BREAKING: DePaul Divestment Coalition holds a press conference in response to ’stalemate’ called by administration

Parveen Mundi, DePaul SGA President, speaks to the press at the Gaza Solidarity Encampment on DePauls Quad, May 11. The press conference was called after DePaul called a stalemate in negotiations with the Divestment Coalition.
Parveen Mundi, DePaul SGA President, speaks to the press at the Gaza Solidarity Encampment on DePaul’s Quad, May 11. The press conference was called after DePaul called a ‘stalemate’ in negotiations with the Divestment Coalition.
Jake Cox

The DePaul Divestment Coalition hosted a press conference today at 8 p.m. to address the university calling a stalemate on their negotiations. In speeches from various speakers, the coalition reiterated their determination for DePaul’s divestment and their belief that the university engagement team continually acted in bad faith during negotiations. 

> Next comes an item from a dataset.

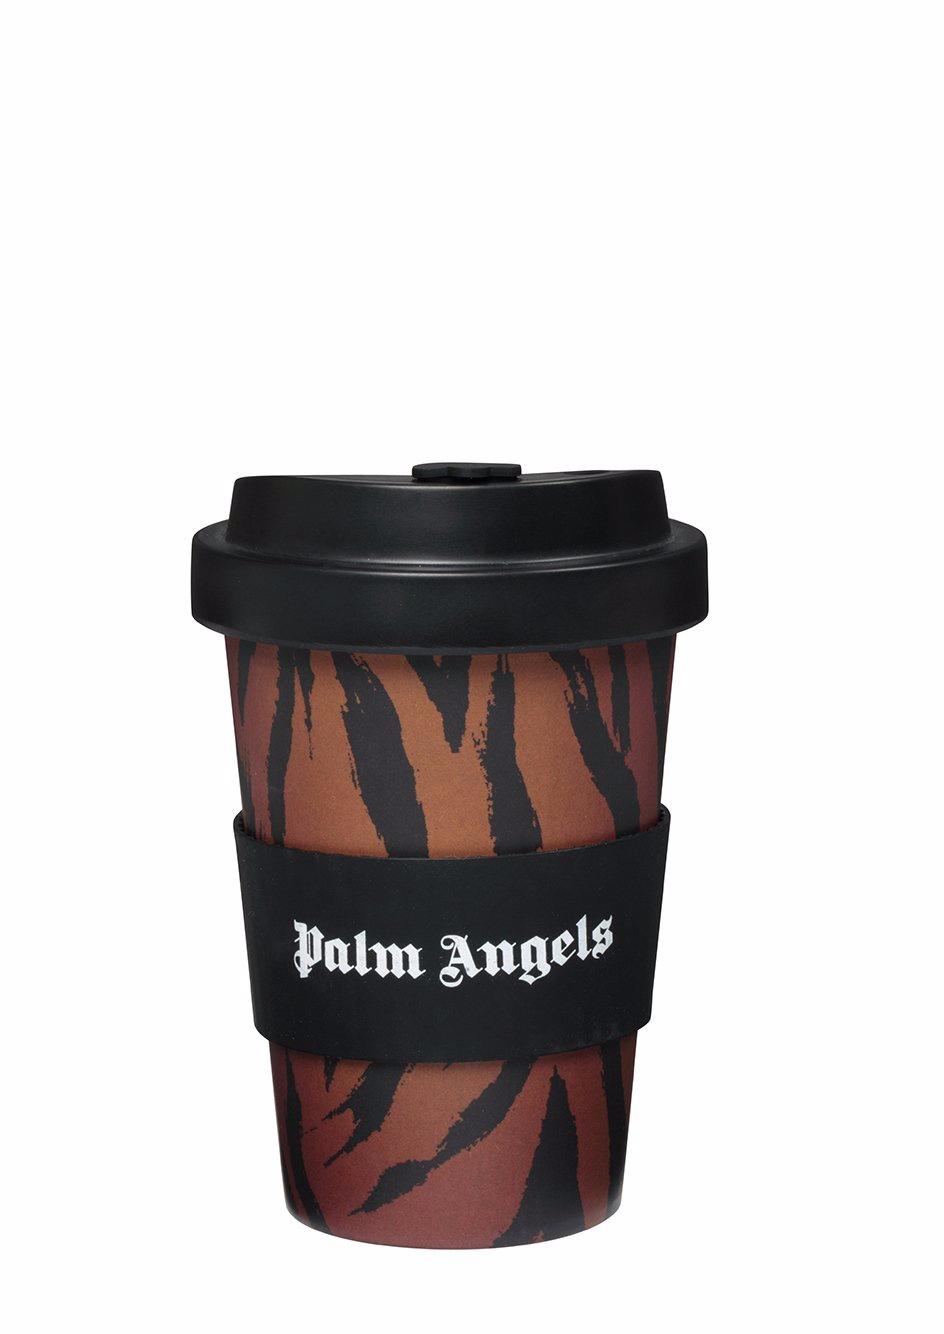 Palm-Angels-Coffee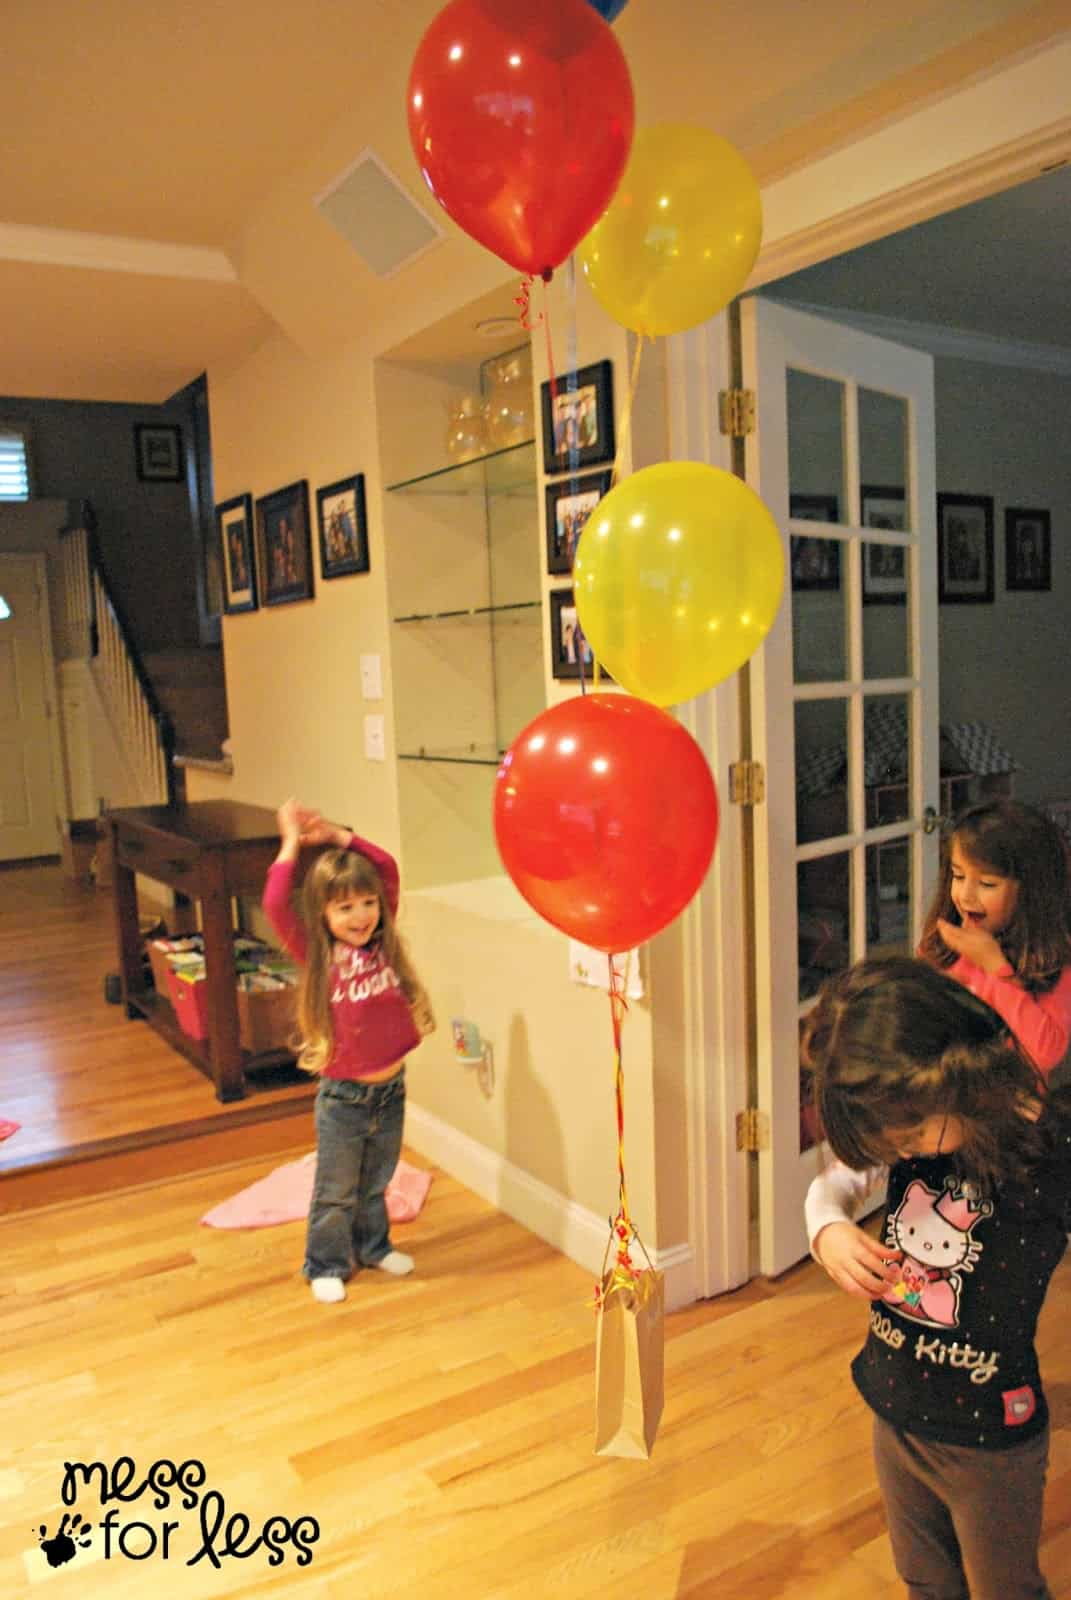 Balloons lifting a bag

The coalition revealed that at least two attorneys were brought in to help them during negotiations. One of the attorneys, Benjamin Meyer, spoke at the press conference and condemned the university’s decision to host negotiation meetings on two religious holidays: the Muslim day of prayer and Shabbat. 

“I hope this matter can be resolved through negotiation, not violence,” Meyer said. 

Meyer called the university’s response to the coalition’s demands and negotiation tactics “disappointing.”

Kristin Claes Mathews, senior director of strategic communications at DePaul, said that students from the coalition “originally indicated they were available and willing to meet on Friday.”

“Leadership felt it was urgent to meet due to safety concerns for the encampment, which included the credible threats the university received from external entities on Friday,” Mathews told The DePaulia in an email.

Negotiations between the university and the coalition continued on Saturday, May 11 at 3 p.m.

Byron Sigcho-Lopez, alderman for the 25th Ward, also spoke at the press conference and commended the students for protesting peacefully. 

“The students are using their voices,” said Sigcho-Lopez, who also gave a speech at the encampment on Day 5. “They are on the right side of history, and they’re doing it peacefully without any provocation.” 

Sigcho-Lopez urged DePaul’s engagement team to return to negotiations. 

“We’re asking the university to come back to the negotiation table, to refrain from using any force against the students that are peacefully demonstrating,” he said. 

The university outlined responses to the coalition’s demands and presented several conditions for meeting those demands in a document presented to coalition leaders at 9 a.m. on May 11. 

These responses included working with legal counsel and other resources to emphasize doxing as prohibited behavior in existing university policies, agreeing that only university-sanctioned study abroad programs can use the DePaul brand, and reaffirming their commitment to creating a Southwest Asian and North African Center. 

The document was later shared with the DePaul community by the office of DePaul President Robert Manuel at 8:12 p.m, on May 11, shortly after the press conference began. 

“These offers are predicated on the expectation of an orderly removal of the encampment by noon on May 12 and do not cover future acts of any participants from the encampment,” the document read. 

It stipulated that  The DePaul Divestment Coalition take down the encampment and agree not to “reestablish an encampment on DePaul property or create organized disruptions during the final exam period or any of DePaul’s upcoming commencement exercises.” 

In the document, DePaul administrators also agreed to host a dialogue between the Board of Trustees leadership and a maximum of six student leaders from the coalition within the next six months.

In an interview with The DePaulia, Student Government Association president Parveen Mundi said there were no Board of Trustees members present during any negotiation meetings between the engagement parties. 

“We found that they were unwilling or unresponsive to a huge number of (our demands) … especially around divestment,” Mundi said.

While negotiations have ended in a stalemate, Mundi said that the fight will continue even if the encampment is removed. 

“This university is currently approaching its willingness to negotiate as it lacks the imagination and boldness to imagine a world in which these demands could be met,” Mundi said. “I say that because I believe, truly, that this institution has had the opportunity to do business differently without admission of compassion and justice.”